04. How To Be More Resilient When Things Aren’t Going Your Way

Short-term stress is (actually) good for you. It keeps you from slacking off into the rabbit hole of complacency. However, when it becomes chronic, it can really mess you up.

The solution is pretty simple. And it has helped me outlast obstacles far bigger than me. Here, it goes.

Let go of what you can’t control and focus on what you can.

Sounds good! Doesn’t it? But is it even actionable? What are the things that we don’t control? What are those that we do?

As an old emperor said 1800 years ago:

You have power over your mind — not outside events. Realize this, and you will find strength.

Do you know what’s funny?

Even today, despite most of us holding no position of power, we are still plagued with our delusions of control. We need to be in charge of everything. And that’s what keeps us bogged down.

No. It’s not just any random stoic philosophy.

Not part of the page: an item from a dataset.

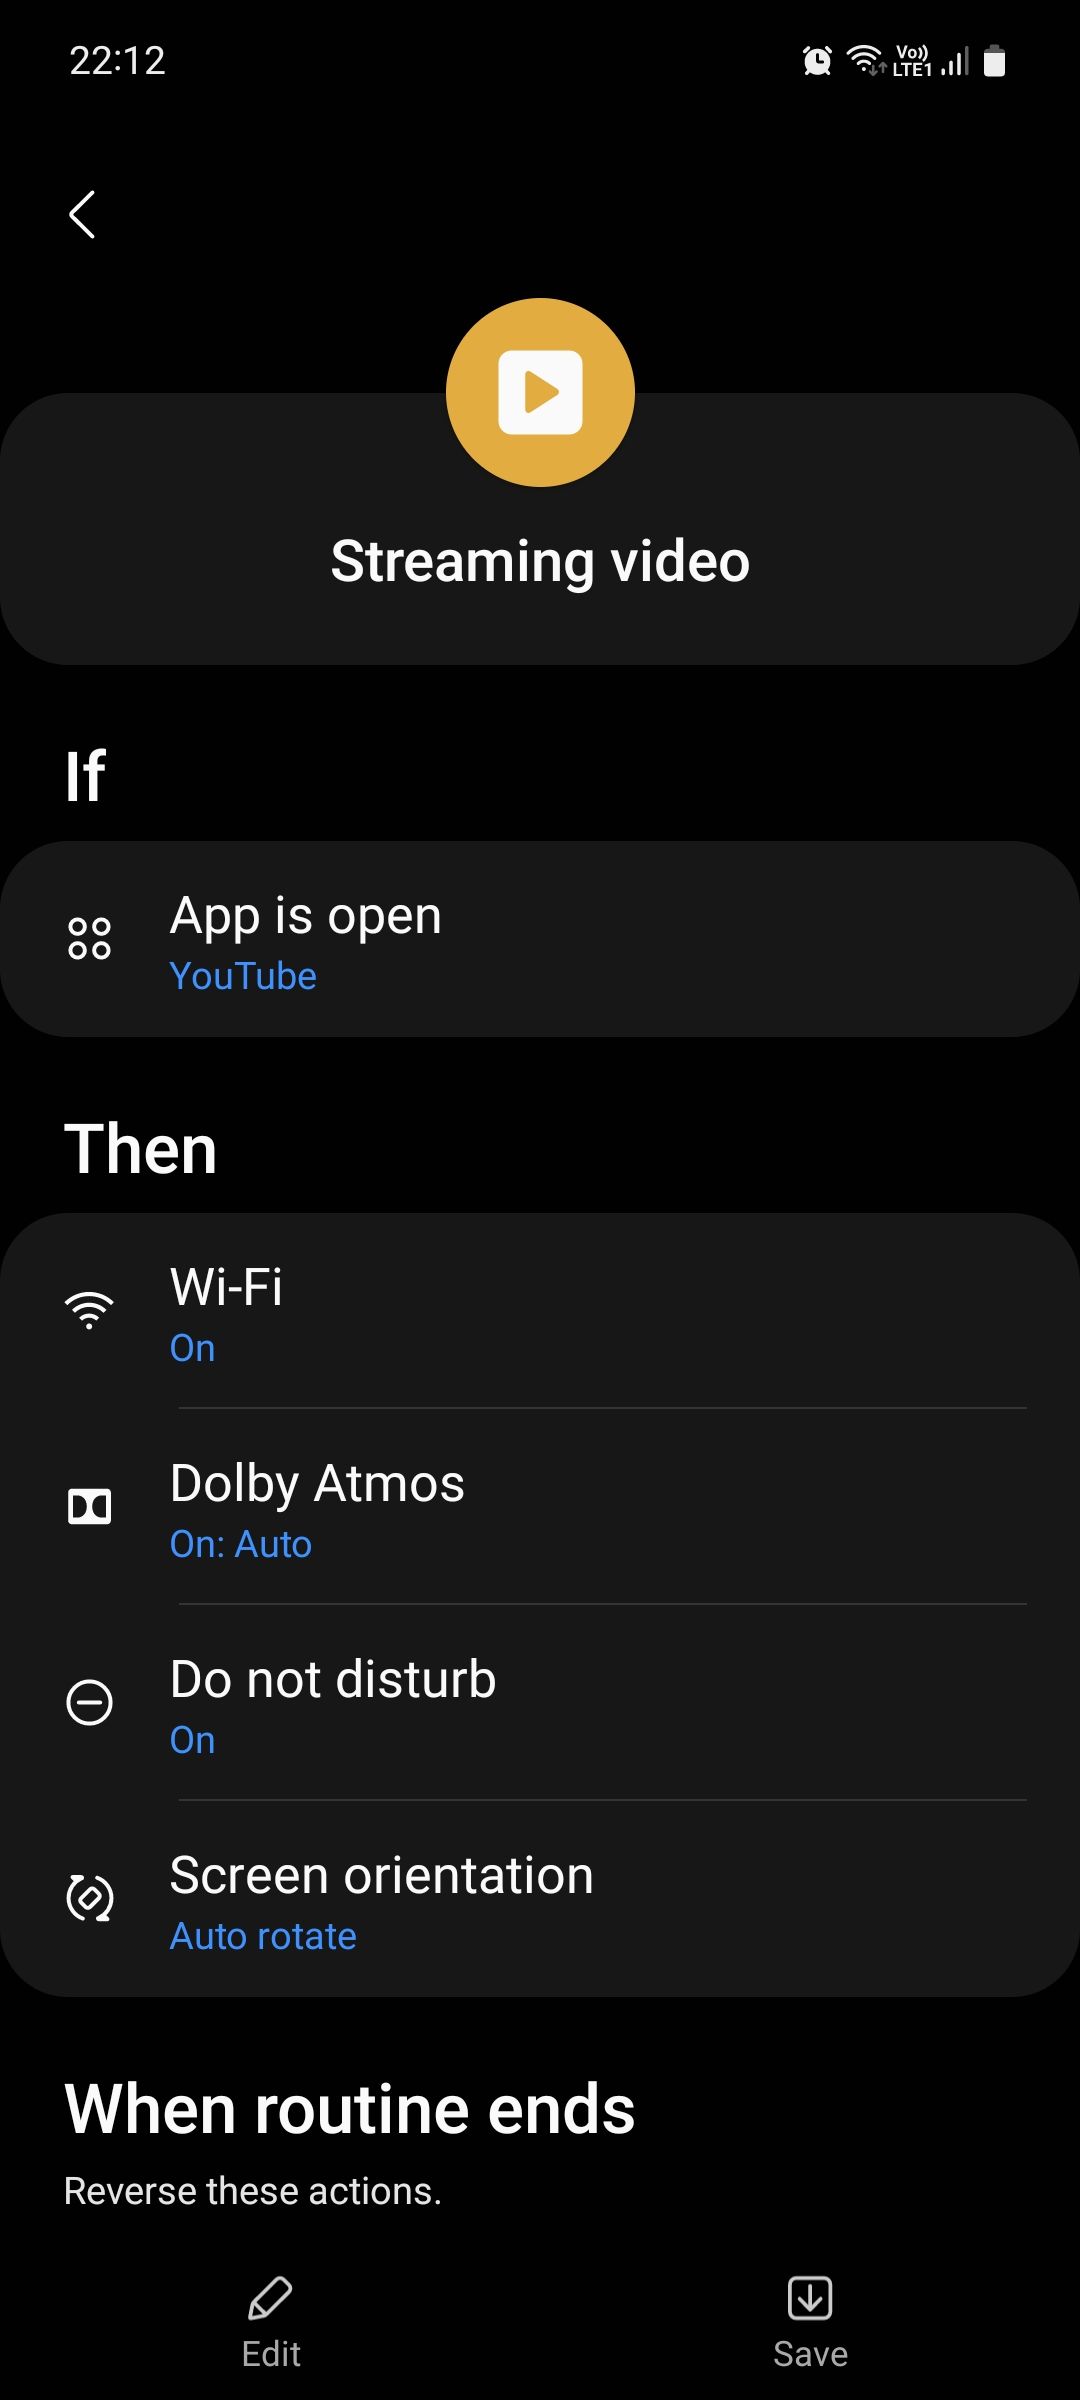 Streaming video routine on Samsung Modes and Routines

As Amy Morin, psychotherapist, and international bestselling mental strength author, quotes in her Forbes article while talking about individuals dealing with depression, anxiety, and stress-related issues:

Rather than controlling their emotions, they’re always trying to control the environment.

So do yourself a favor, and stop doing that.


05. How To Stop Being a Jerk to Yourself

I’ll keep this one brief.

Don’t wait until you are successful to be happy.

If you attach your happiness to solely your desires, you starve yourself of any sense of fulfillment until you get them. And even when you get them, you will keep asking for more.

It doesn’t come on its own. Like everything worth having, it requires deliberate practice to find sustainable happiness.

And one of the best ways to fight insecurity and find lasting happiness is learning to stay in the moment. It frees you from the guilt of your past and the stress of your future so you make the most of your now.


It all starts with a choice. Do you continue to feel sorry for yourself? Or do you want to make your journey more memorable?

Don’t stress about it. You don’t have to choose.

Your actions will do it for you.

That’s why you need to ask yourself “Who defines your actions? You, or your default setting?”